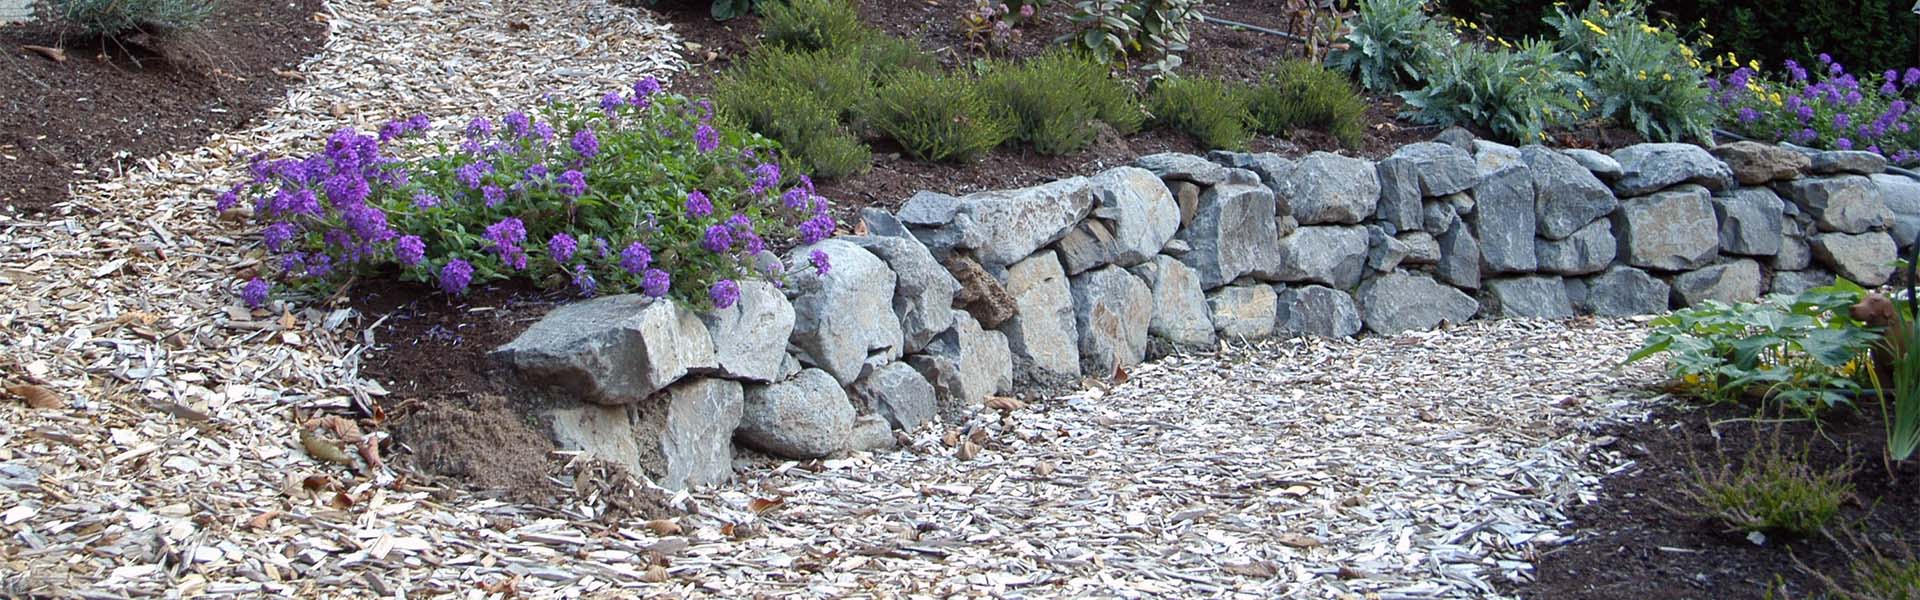 A boulder Home retaining wall
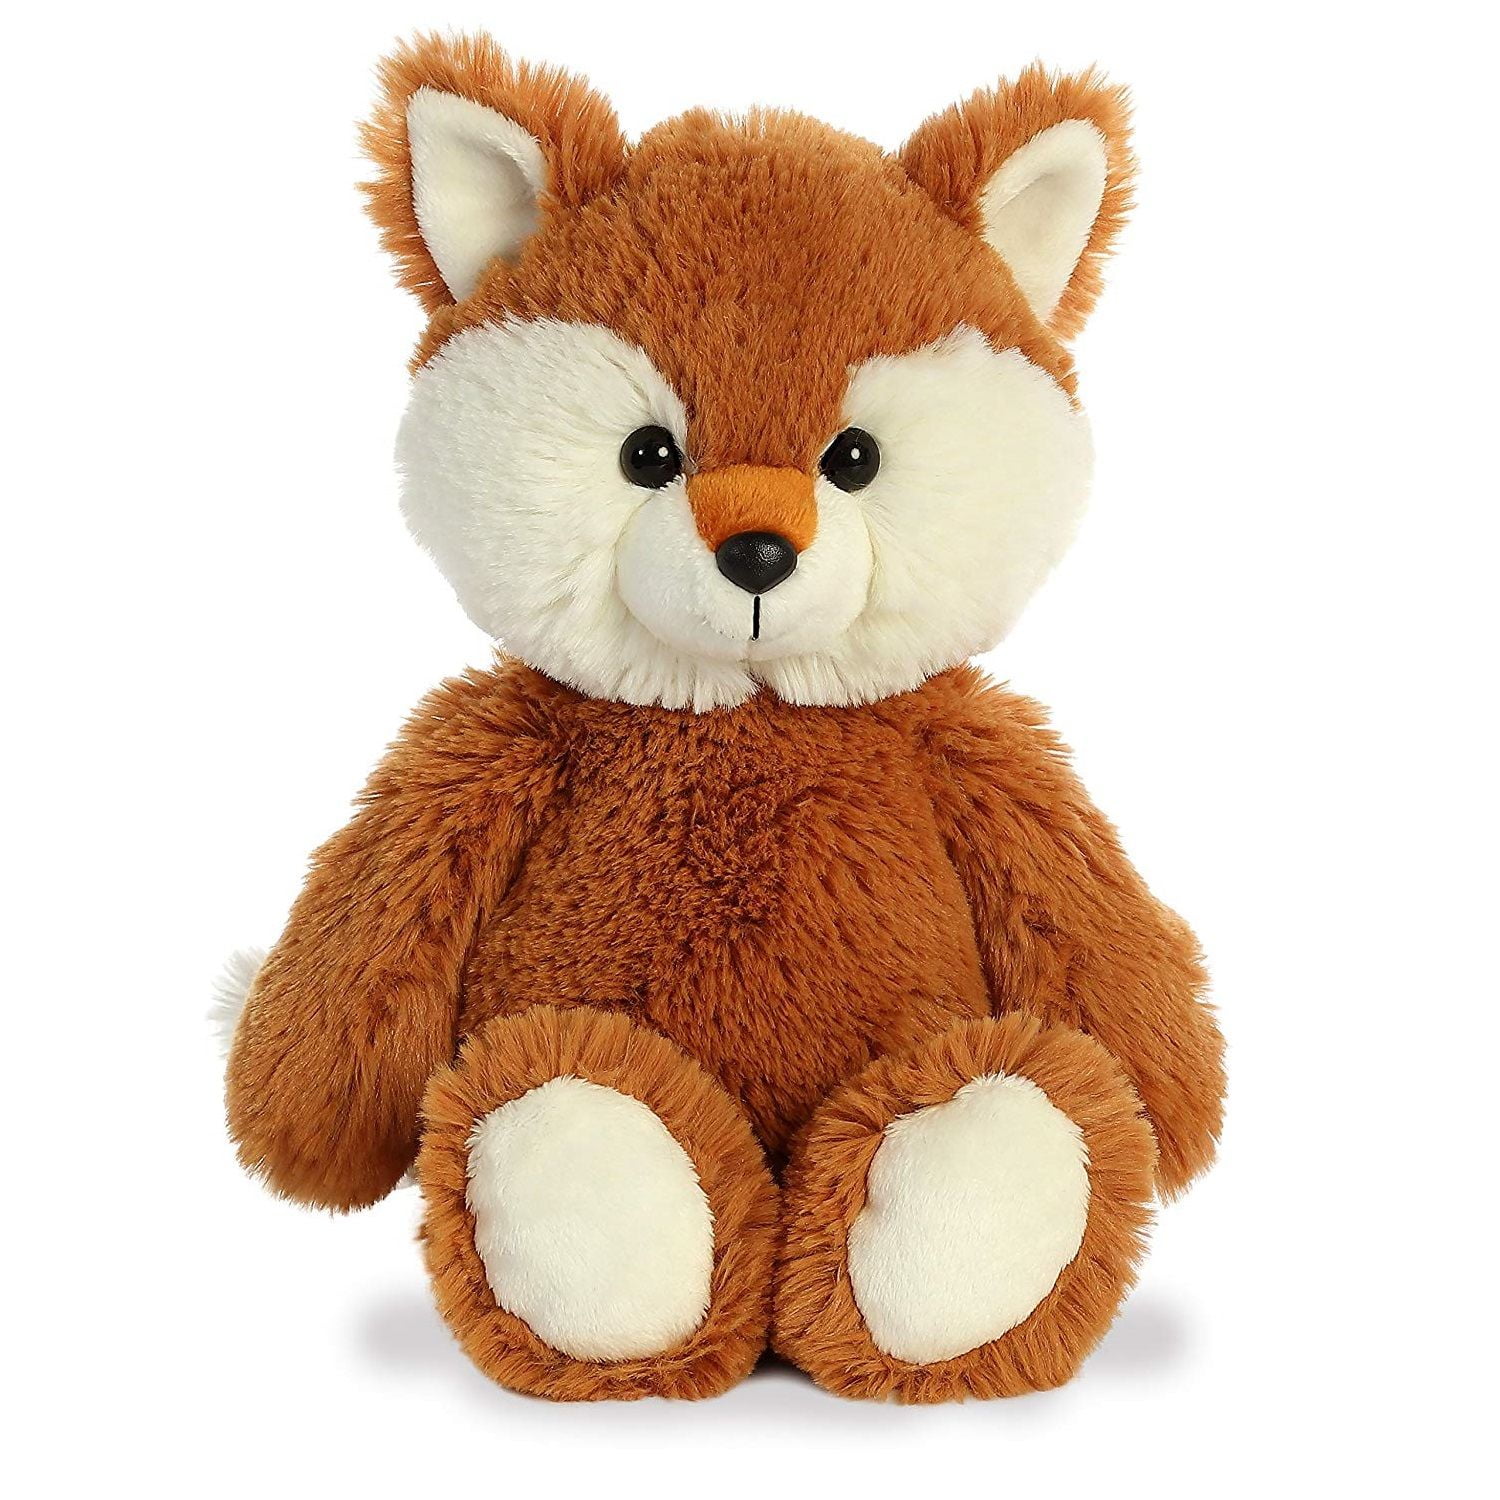 Aurora Cuddly Friends FOX 8" Plush Floppy Stuffed Animal NEW 
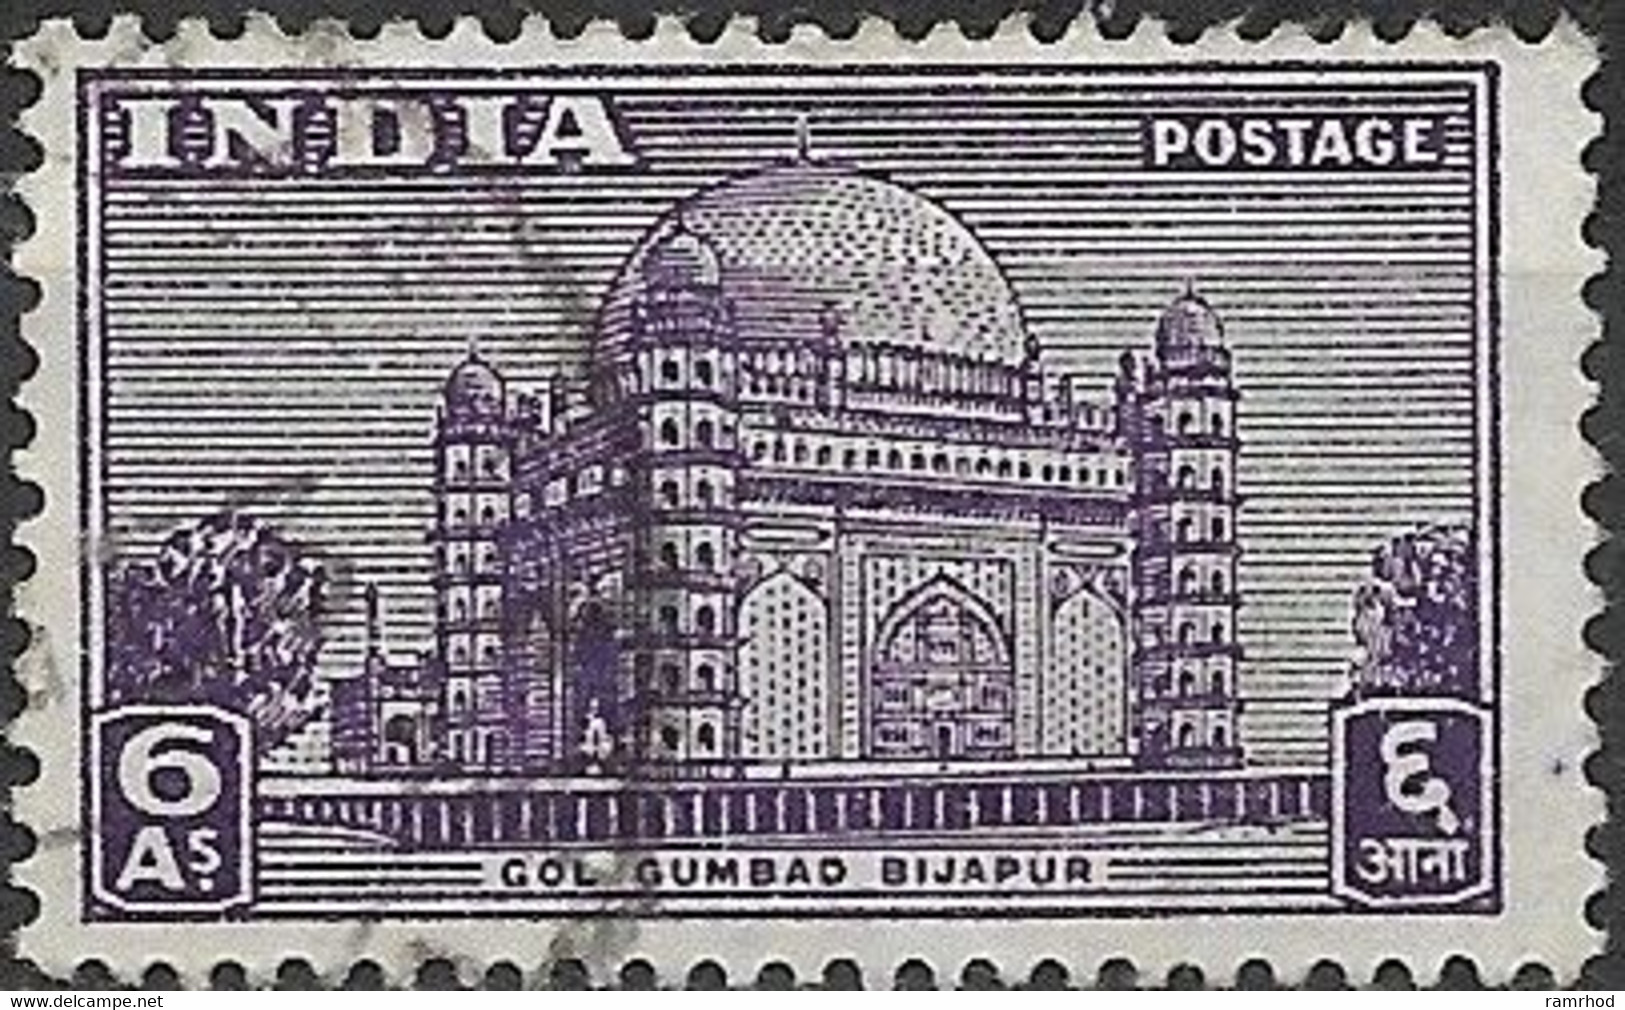 INDIA 1949 Gol Gumbad, Bijapur - 6a - Violet FU - Usados
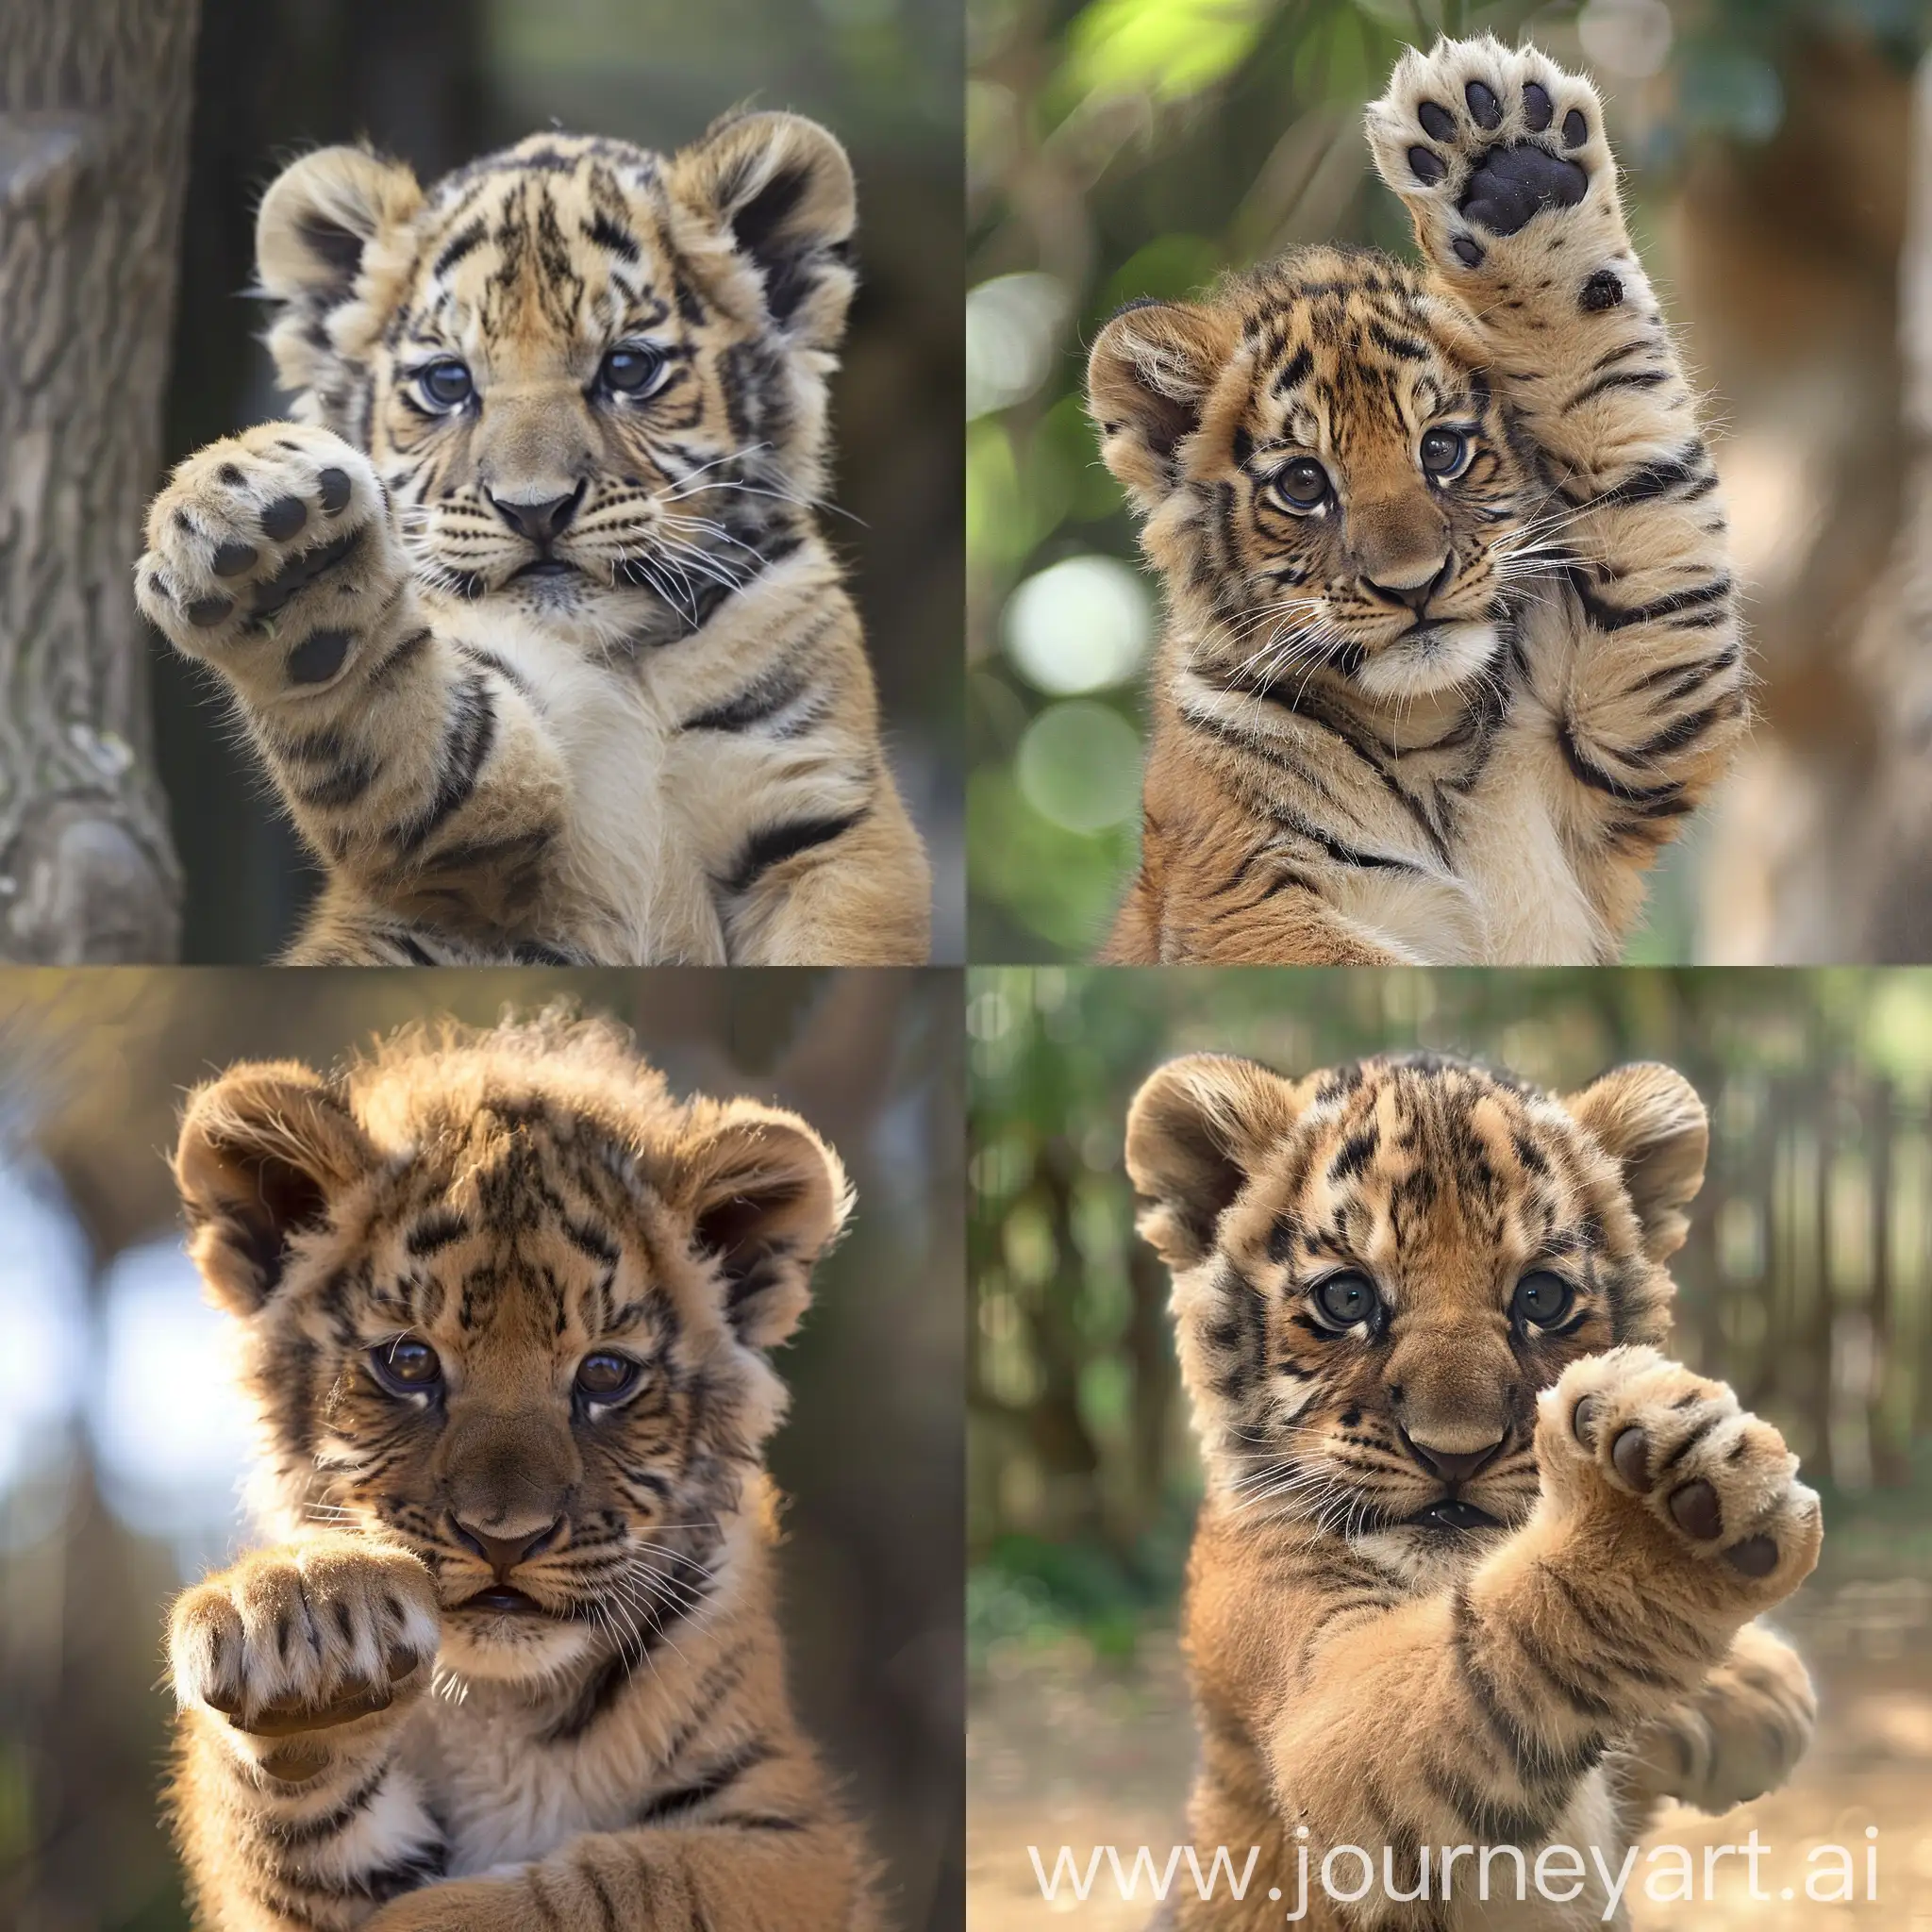 Playful-Tiger-Cubs-Paw-Gesture

++++

▶ _Directions_
All the material above must be copied exactly, and no picture belongs in the copy.

▶ _Problem solution_
 A boulder Home retaining wall
 Aurora Cuddly Friends FOX 8" Plush Floppy Stuffed Animal NEW 
 INDIA 1949 Gol Gumbad, Bijapur - 6a - Violet FU - Usados
 Playful-Tiger-Cubs-Paw-Gesture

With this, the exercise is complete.